I’ve always been like this. I remember bounding off the plane as a teen after a summer spent in Peru and handing my mom a half-empty bottle of warm Inca Kola, a lurid Latin American soda that tastes curiously and unmistakably of bubble gum. A few years later, after a trip to Niagara Falls, while mom was grandstanding for our family in the powder blue jacket she’d picked up at a Canadian leather emporium, I was gladly sharing my souvenir—a box of Tim Hortons donut holes.
Back then I was indiscriminate about digging into—and divvying up—my loot. But it’s somehow different, more difficult, now that I’m older. These past few years, I’ve become reluctant to share my souvenirs, hesitant to even open them.
Here’s the thing. After a souvenir has been eaten, it’s gone. Vanished. And with it, I fear, the memory. It’s not likely that I’ll physically connect with those same travels again. Chances are this is the only time in my life when I’ll have that raw-milk Brie from that little shop in France oozing all over my kitchen table. And if our bottle of aged Dominican rum that my husband won in a chess tournament during our honeymoon disappears, I panic that the memory of our first week of newly married bliss may, too, fade like an old Polaroid.
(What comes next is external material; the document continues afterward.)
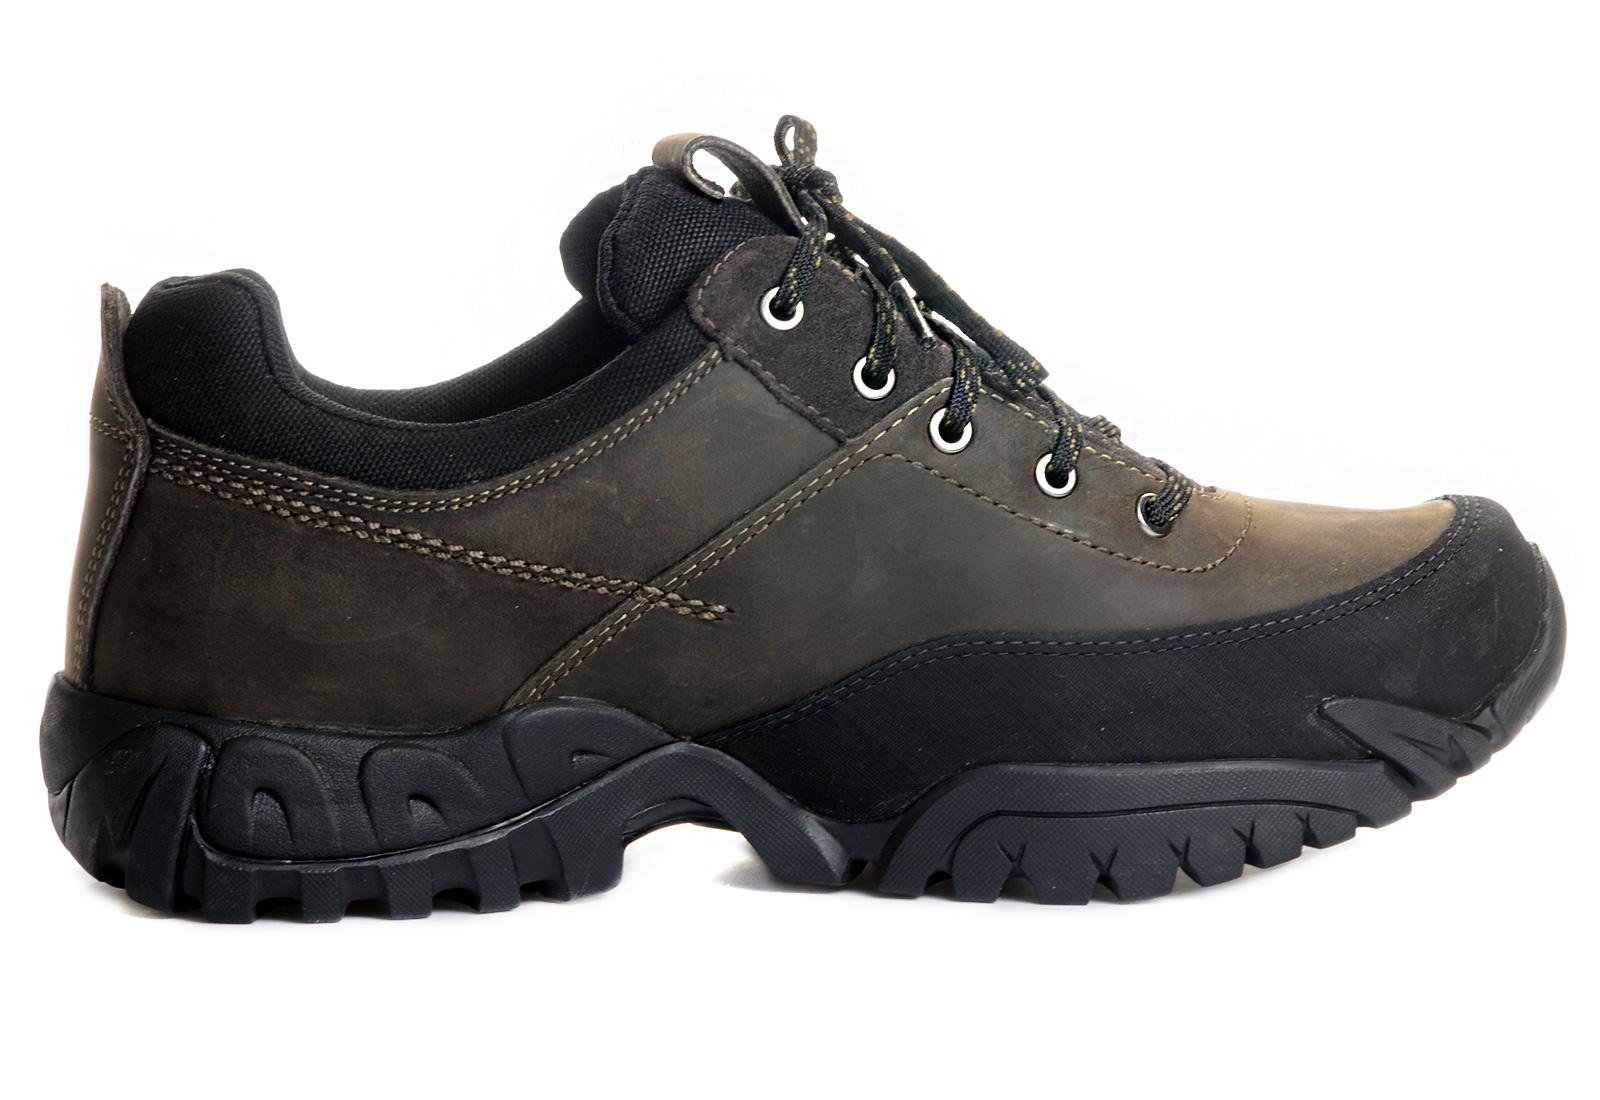 Timberland Boots - Ek Rolston Low Wp - 9360r-dbr

With these souvenirs sitting in my pantry, the pressure is on—and along with it comes a paralyzing case of performance anxiety. When, exactly, is the perfect time to indulge? And with whom should I share? So, naturally, I procrastinate, delaying the encounter for as long as I can—or, as usually happens, indefinitely. I can practically hear these souvenirs calling to me from the pantry, begging for a proper send-off, a very special occasion. Instead they meet an unceremonious and certain end at the bottom of my garbage can. That cocoa? It became stale and clumpy. Ants got the walnuts. The tomatoes turned black. And the cheddar took on an ugly lacquer of sweat and mold. All before I’d gotten a single taste.
This mental anguish, this fear of wasting a souvenir on a less-than-perfect moment, often leads me to wonder why I even bother. What’s the point of rummaging through specialty shops and markets, paying excess baggage fees, and sweating through customs, only to have my food souvenirs languish on my kitchen shelves between the garlic and the soy sauce? So despite all the potential gratification these keepsakes hold, they really stress me out.
Rather, they used to stress me out. I recently spent my birthday in Barcelona with a friend. We window-shopped on La Rambla, marveled at Gaudí’s masterworks, and strolled the Mediterranean boardwalk. It wasn’t until I returned home, my suitcases bulging with the makings of a Spanish feast, that I realized I hadn’t really eaten. I’d had just quick bites here and there, but not a spectacular supper in the usual flamboyant way I was accustomed to, the kind of repast that would cement this trip in my memory. I panicked, terrified I’d forget the stories that I’d savored in Spain.
That realization spurred me into action. I threw open my suitcases and invited a few close friends to dinner that week. There was tapenade smeared on crusty bread. Nutty sheep’s-milk Manchego. A juicy—and duty-free—Andalucían Rioja. Sweet pimiento peppers that I charred over an open burner. Saffron-perfumed rice. Fruity Arbequina olive oil flecked with a few drops of rosemary vinegar and turned into a poaching medium for fish. And for dessert, small tumblers of delicate dry sherry, sloshing against the glass like liquid amber, alongside shaved chocolate studded with Marcona almonds.
So what if I remember the food more distinctly than the conversation? That’s how my memory works. (Actually, the sherry may have had something to do with that, too.) But I do recall the spirit of the evening—the laughter, the chatter, the sated appetites, the sharing of story after story about Spain. And it occurs to me that I’d somehow come to equate eating my mementos with greedily gobbling them. I’d forgotten the rare and valuable chance they offer to celebrate and relive rousing adventures and, better yet, to share those experiences with others. Abandoned on the shelf, my souvenirs—and the memories linked to them—might wither and die, but reveling in them one final time authors the grandest of epilogues to any travel story. And, as it turns out, it affords me an opportunity to create a new memory.